### Your instructions
Set down exact lines only, from the line with "Chaussures de course" through the last line of the material below, with every picture left out.

### Material provided

--------

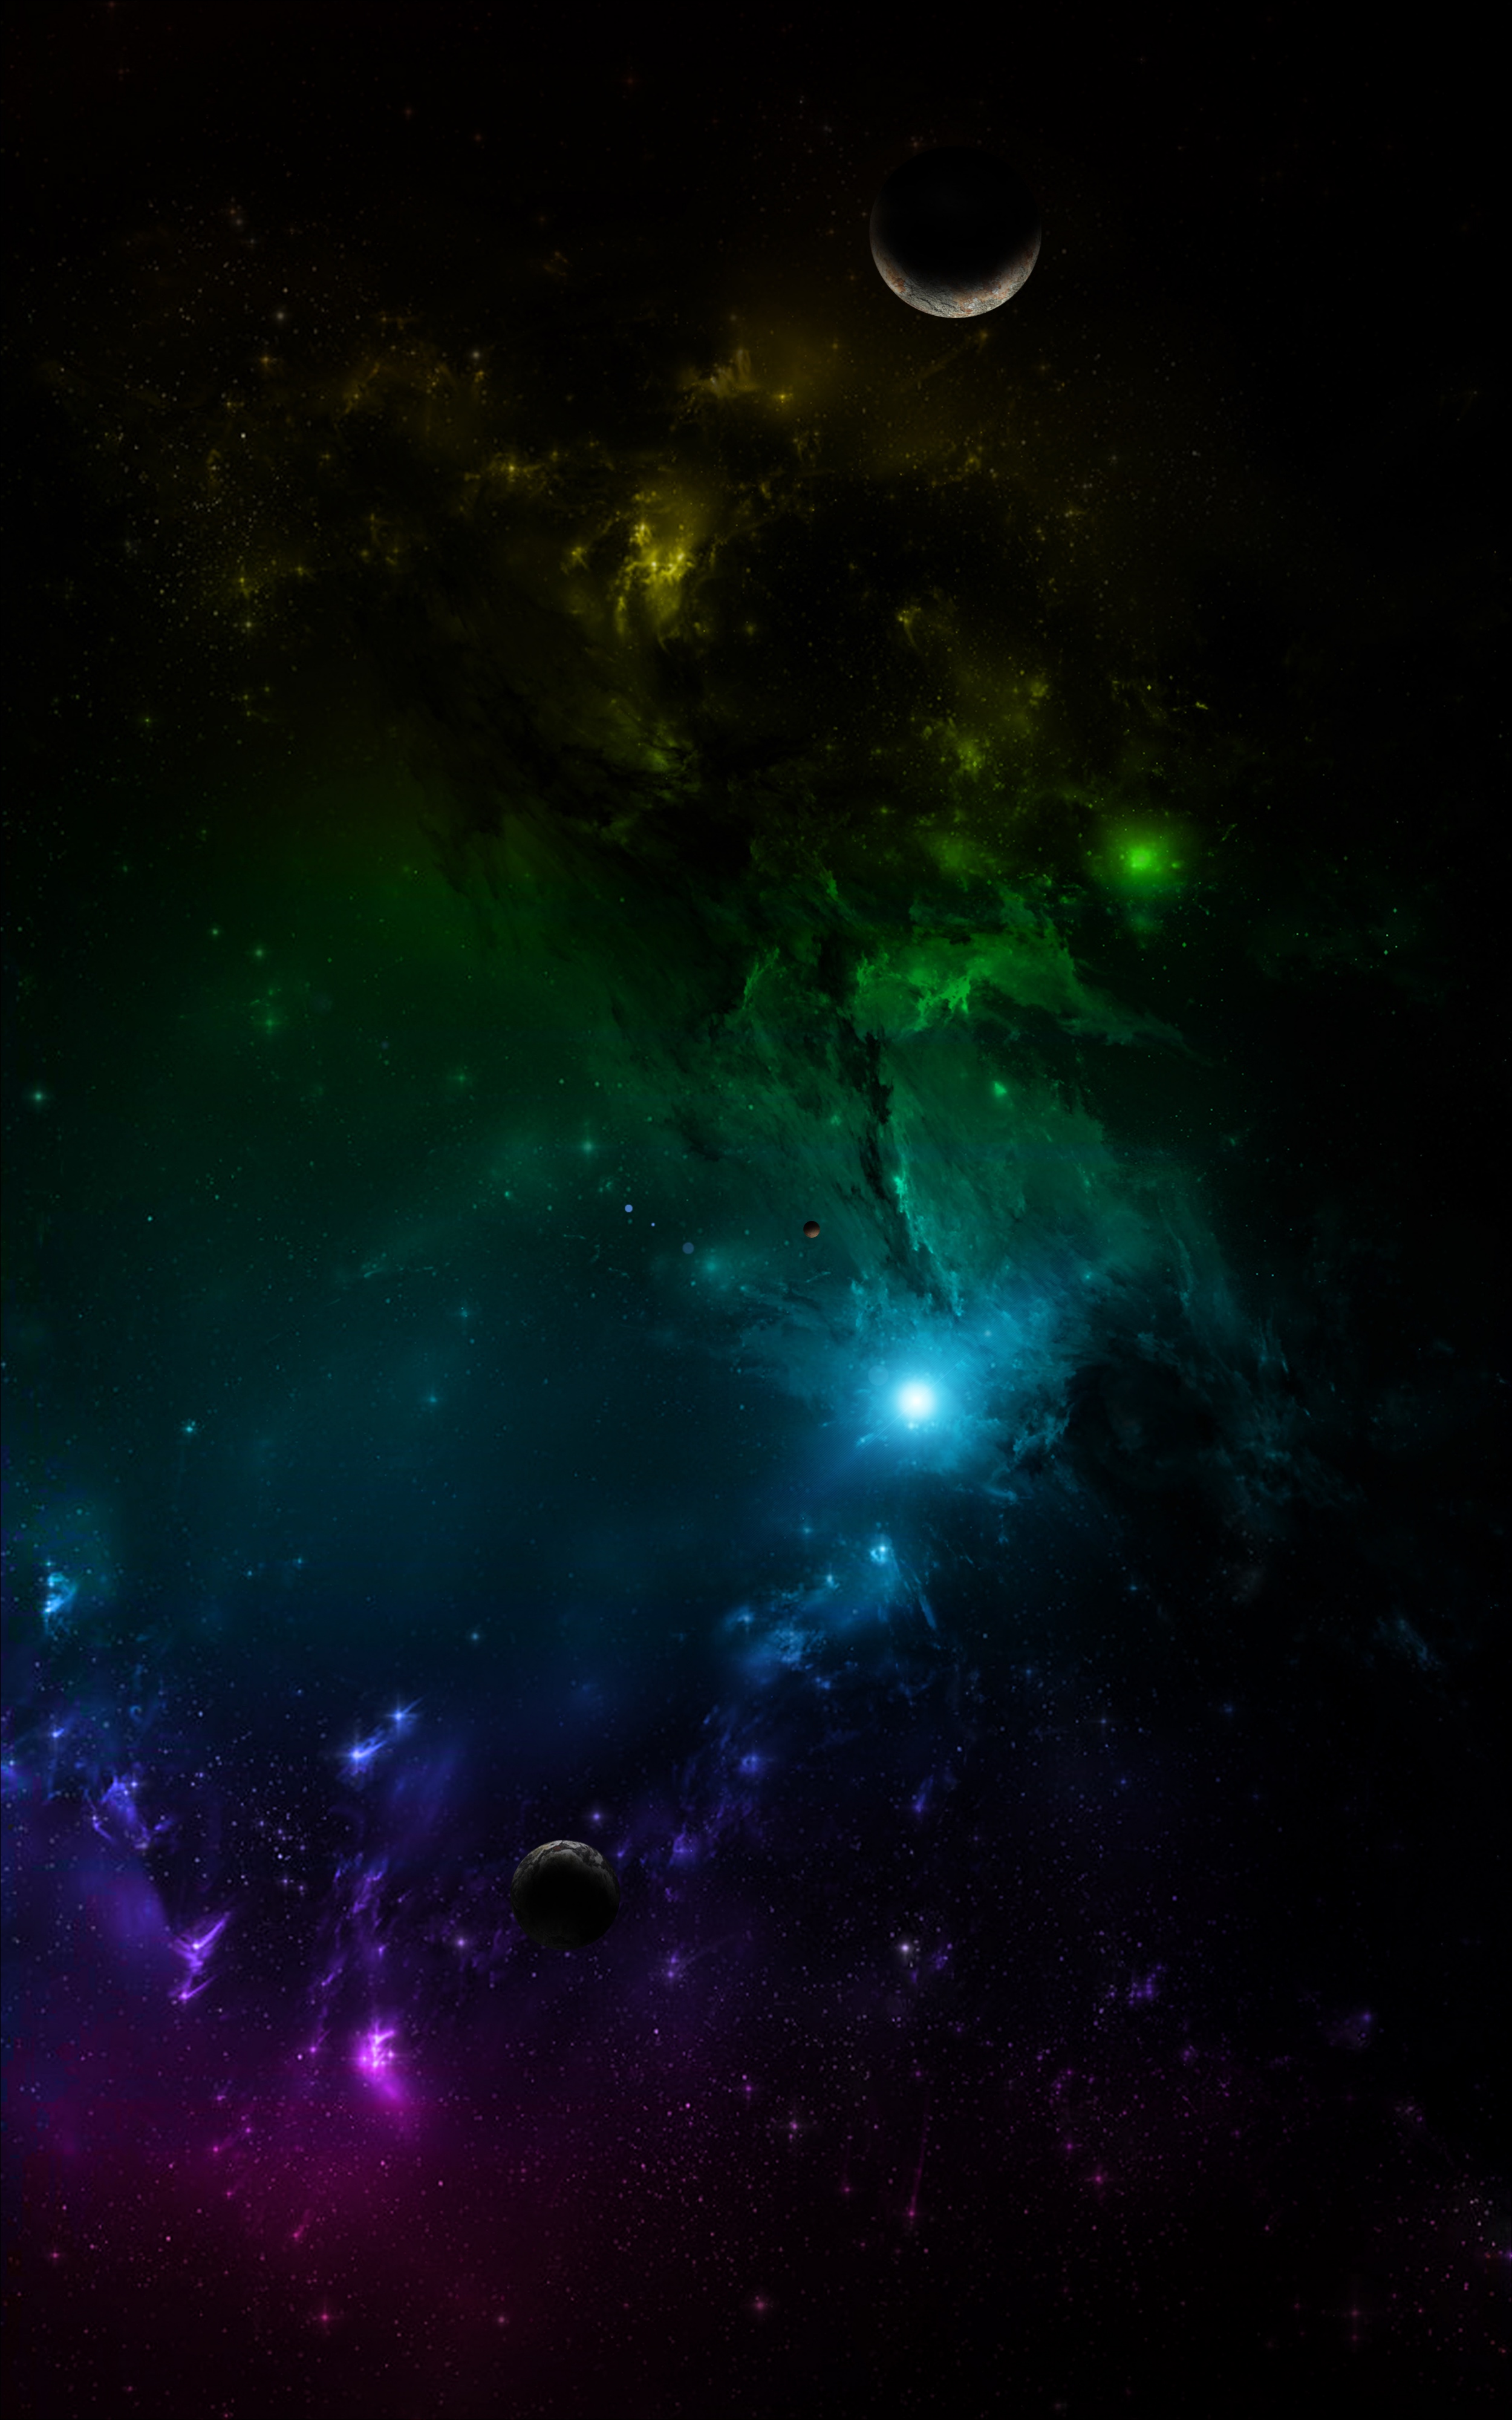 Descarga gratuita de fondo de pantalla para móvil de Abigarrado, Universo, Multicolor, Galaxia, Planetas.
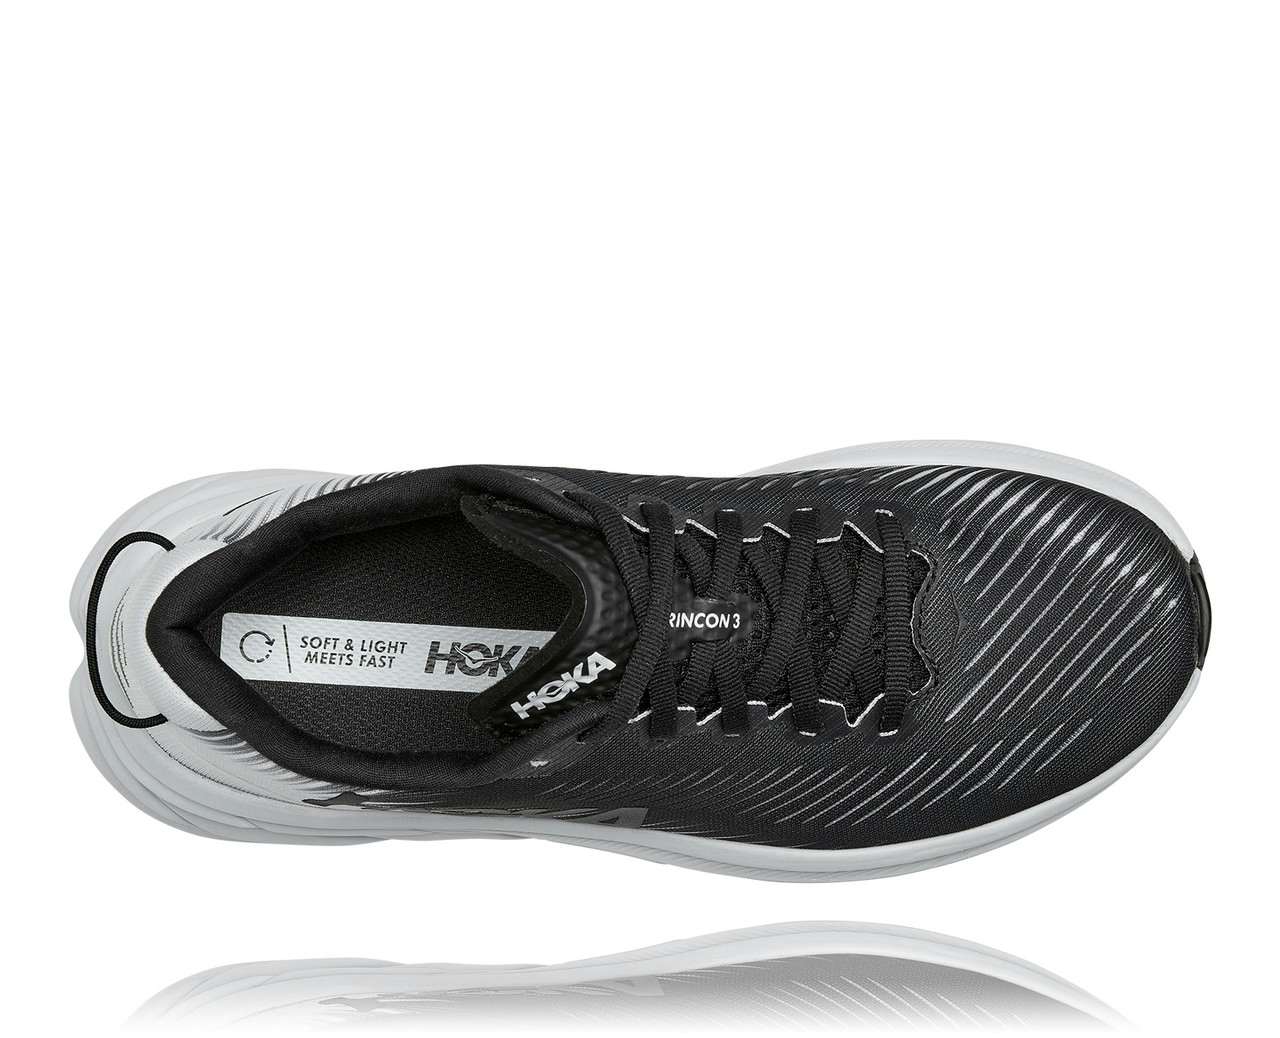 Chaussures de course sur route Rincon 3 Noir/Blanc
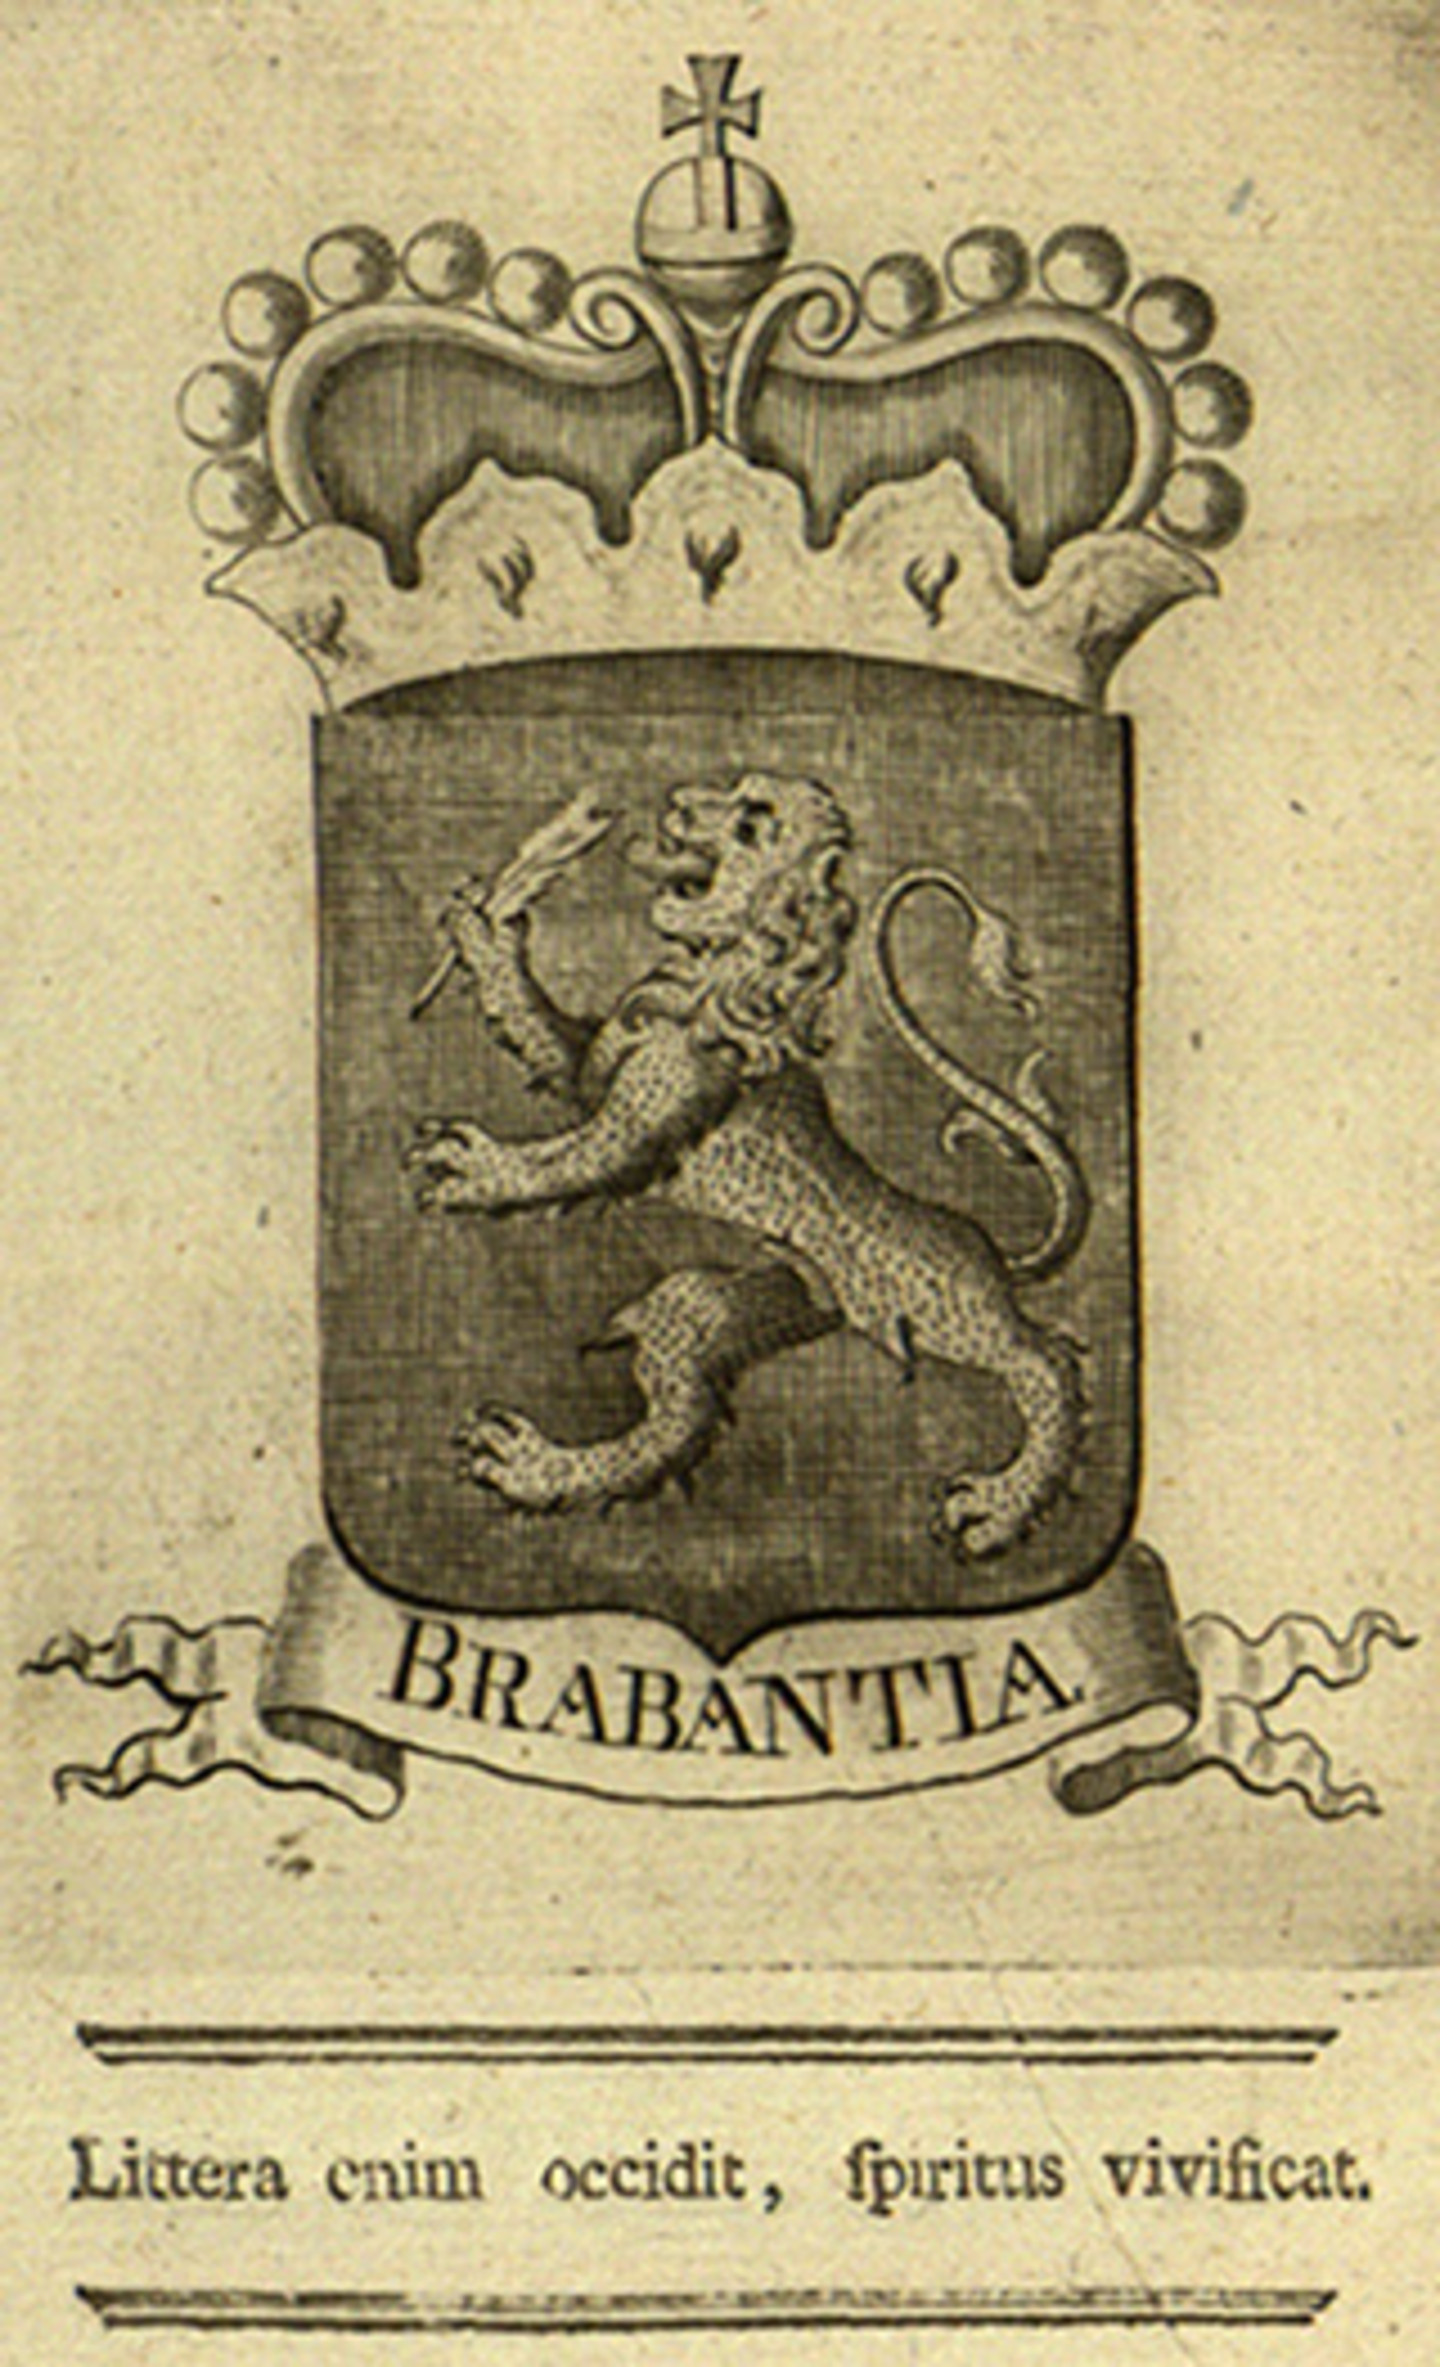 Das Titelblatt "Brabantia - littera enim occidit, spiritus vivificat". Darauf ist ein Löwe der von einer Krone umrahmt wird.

--------

### Exercise output
 Chaussures de course sur route Rincon 3 Noir/Blanc
 Das Titelblatt "Brabantia - littera enim occidit, spiritus vivificat". Darauf ist ein Löwe der von einer Krone umrahmt wird.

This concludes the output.